Caja De Memoria Viva III: Sobreviviente. Digna Quiles
Charcoal on wood (outside) Found objects and audio (inside) 48”(h) x 49”(w) x 48”(d)
This installation is dedicated to the survivors of one of the most catastrophic events in history. Hurricane Maria, a category 5 storm hit my homeland of Puerto Rico on September 20th, 2017. Maria made landfall on the island with over 185 mph winds and rain lasting for more than 30 hours. It completely wiped out the power infrastructure, and destroyed homes, schools, hospitals, businesses, and agriculture. Hundreds of thousands of people were left to live for many months without basic necessities, and thousands of lives were lost as a result of the lack of resources.
Since October 2nd of 2017, a week after the hurricane made landfall, I’ve traveled every month to Puerto Rico to bring relief aid and assist in the recovery and rebuilding efforts. One of the municipalities I've chosen to focus on is San Sebastian, where my paternal family is from. San Sebastian is in the mountainous northwestern part of the island, and has many rivers running through it. In the weeks after the storm, the municipality had areas that experienced difficulties receiving assistance due to blocked roads from fallen trees, flooding, and landslides. While delivering aid to these areas, I met many people with heart breaking survival stories.
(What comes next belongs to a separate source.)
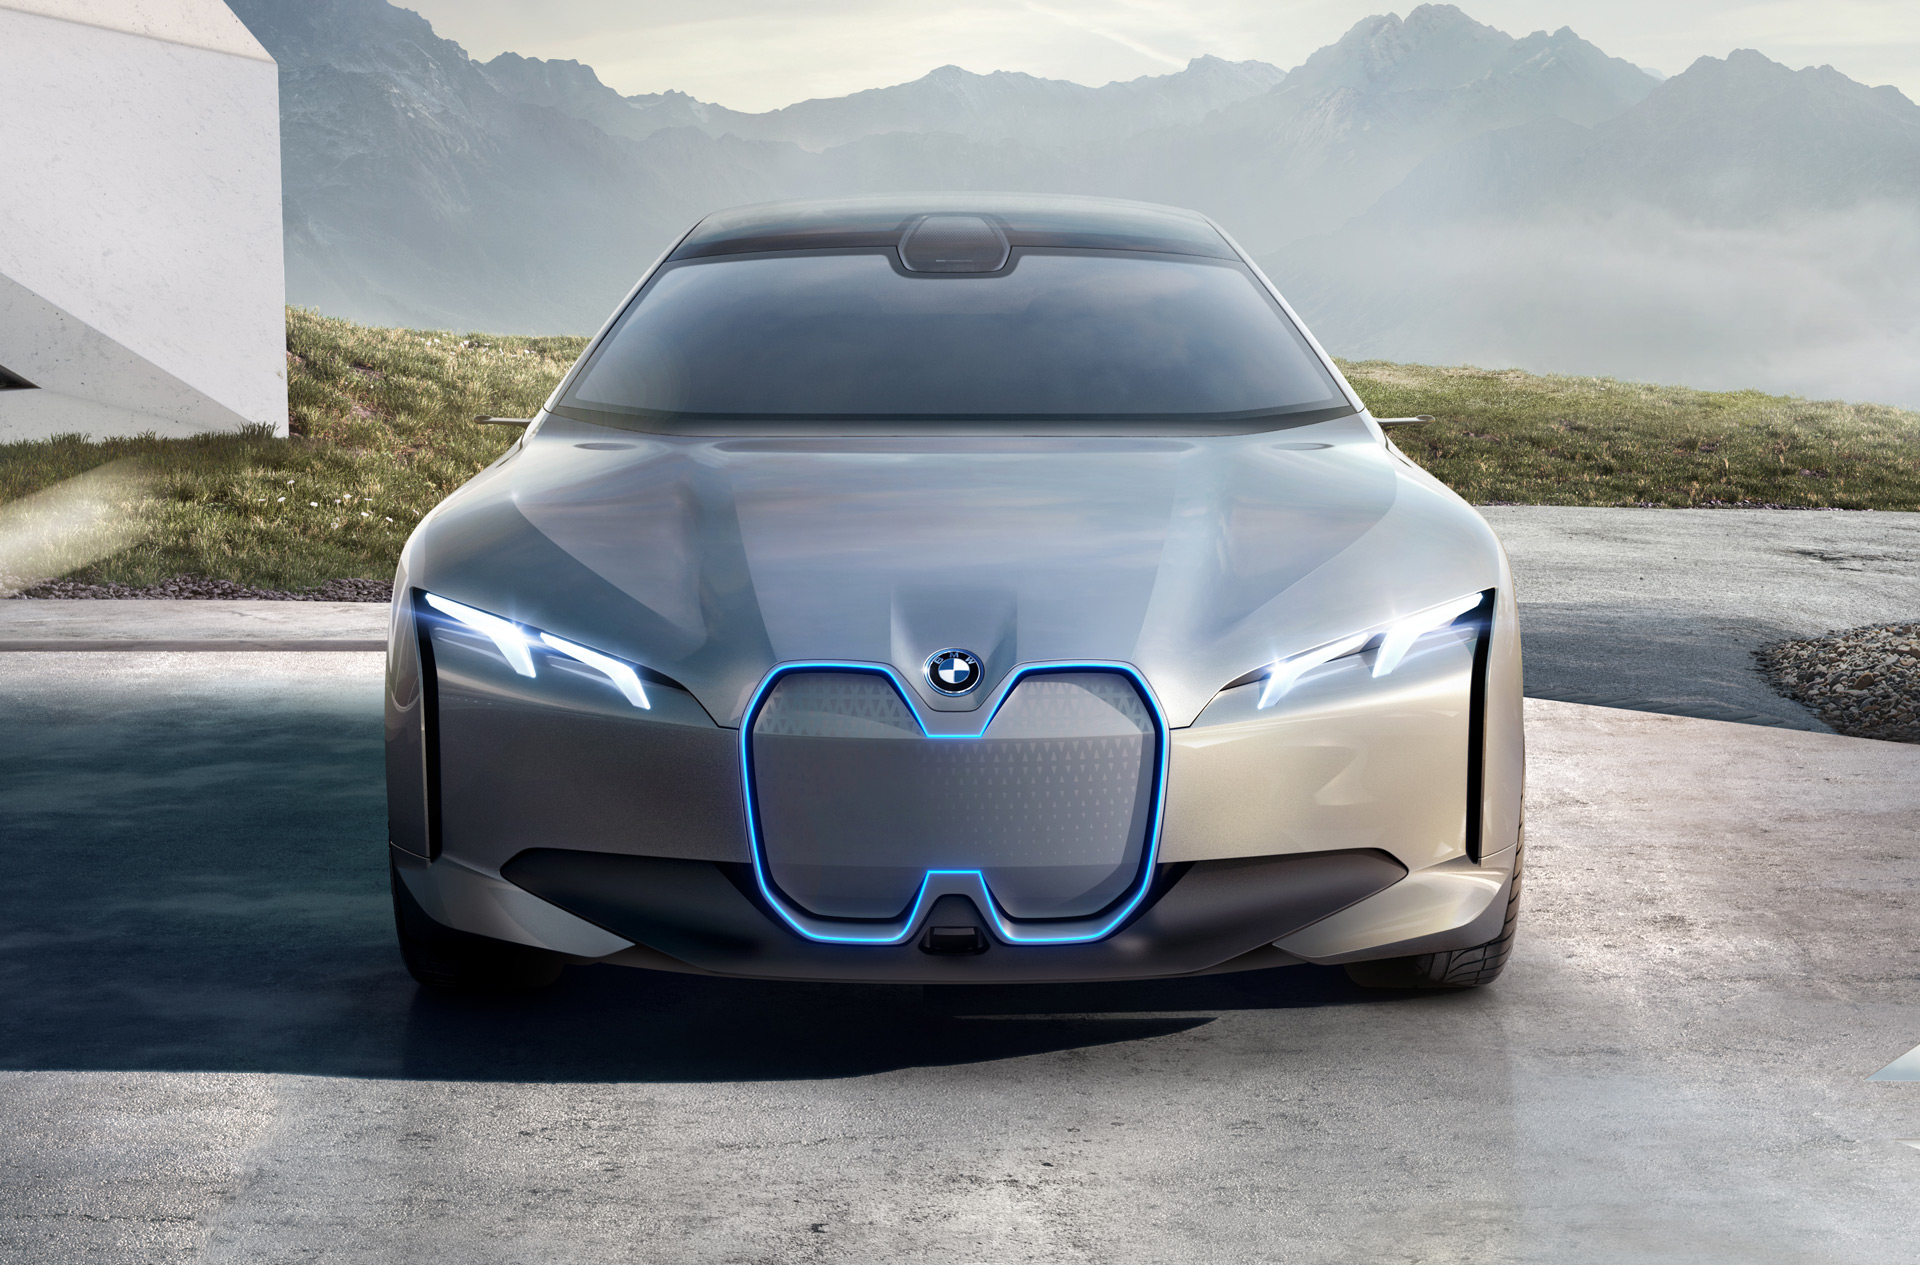 BMW i6 electric sedan in the works?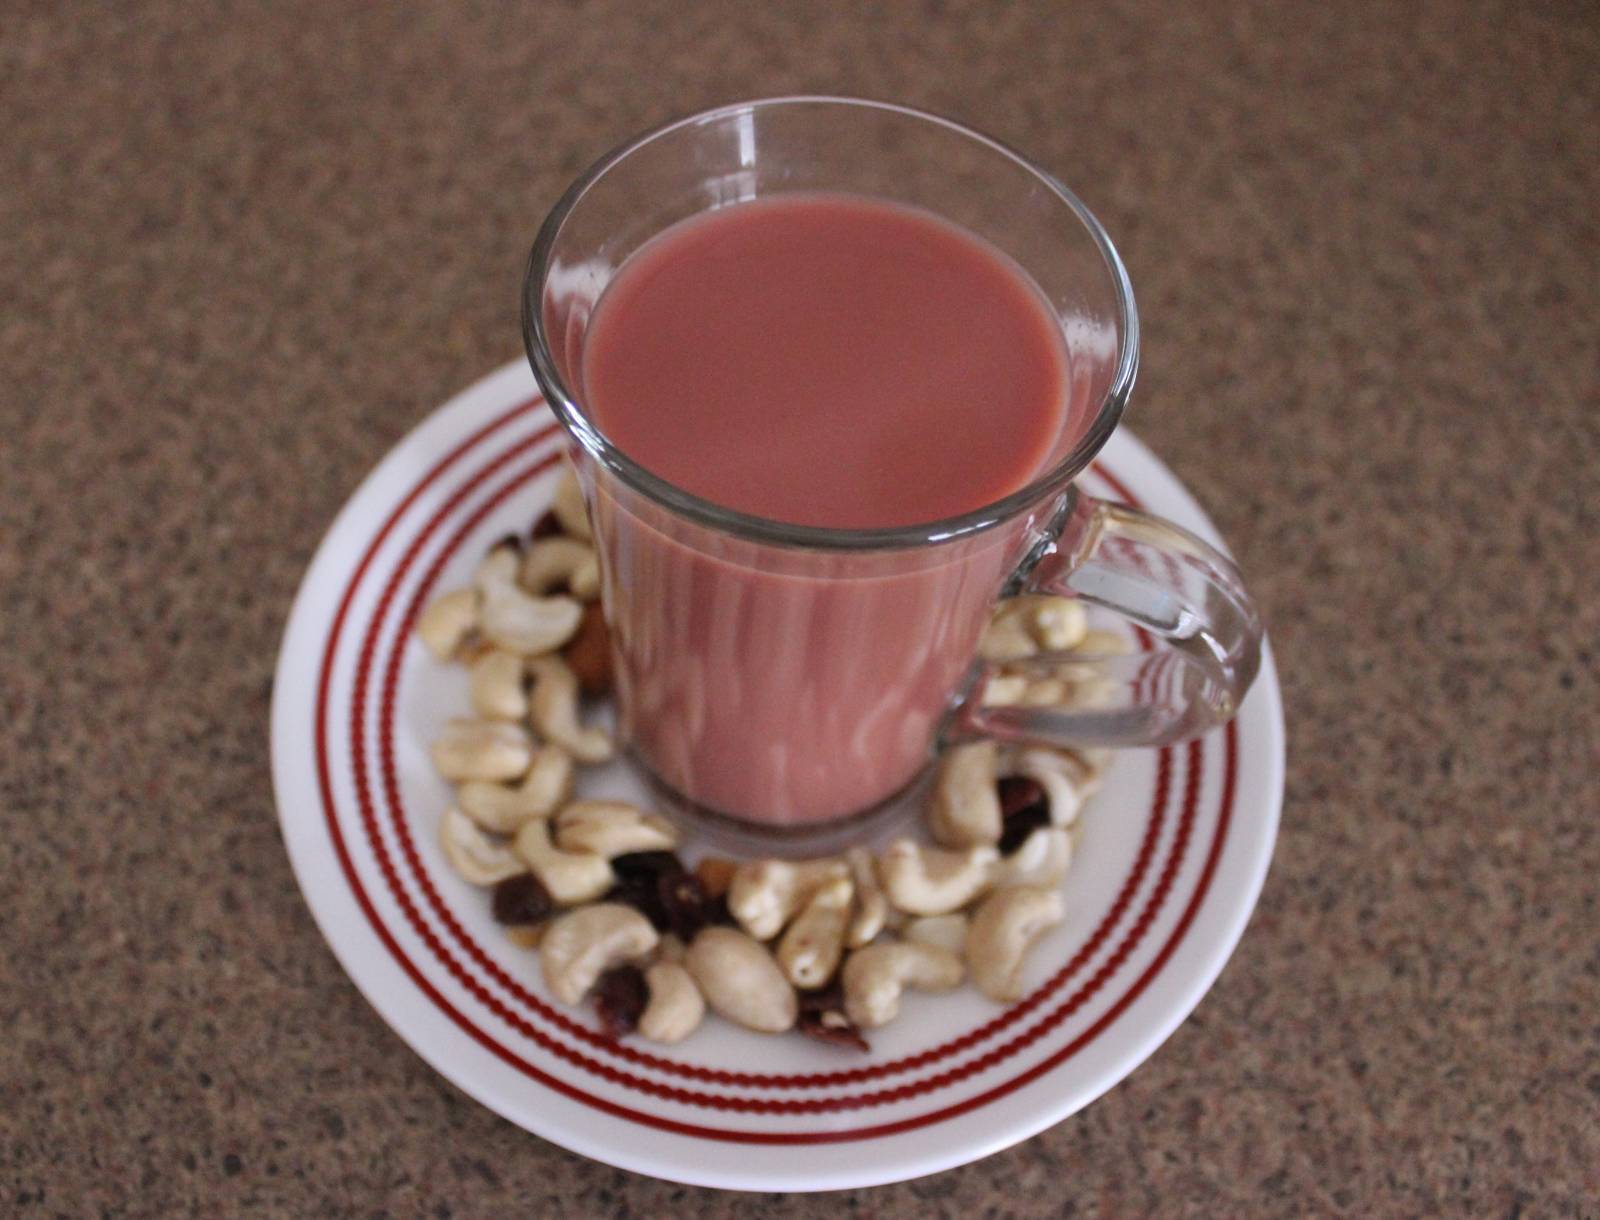 कश्मीरी स्टाइल नून चाय रेसिपी - Kashmiri Style Noon Chai Recipe

The first community in San Sebastian I delivered supplies to was in El Culebrinas where I met Digna Quiles. While Digna was very welcoming and invited me into her home, she was clearly very traumatized from the effects of Maria.
My time spent with Digna inspired me to create a new series of Caja De Memoria Viva portrait installations called Sobrevivientes (Survivors). Digna is the first subject of the series which provides an intimate view of life post-Maria, and reflects the unfortunate “new normal” being lived by the Puerto Rican people. Digna is approximately 60 years old and about 5 feet tall. At the time Maria hit, she lived alone with her dog because her husband had passed away 8 months prior to storm. She lives in a small part of the El Culebrinas neighborhood known as, Villa Sofia, which is adjacent to the Rio Culebrinas (Culebrinas River). During the storm, the river, as well as the the smaller tributaries and waterways that branch off of it, swelled and rose into the streets flooding the neighborhood, including Digna’s home. With the water level rising to over 8ft inside, the force of the flood water combined with constant rain and hurricane winds, pulled Digna and her dog out of their home. Digna was rescued by a neighbor, but unfortunately her companion dog could not be rescued. When I entered Digna’s home, she had no furniture, visible water damage everywhere, and was sleeping on a mattress on the floor. She hadn’t had clean drinking water in days, and was collecting the rainwater in 5 gallon buckets. The desperation for basic needs like clean water was heartbreaking.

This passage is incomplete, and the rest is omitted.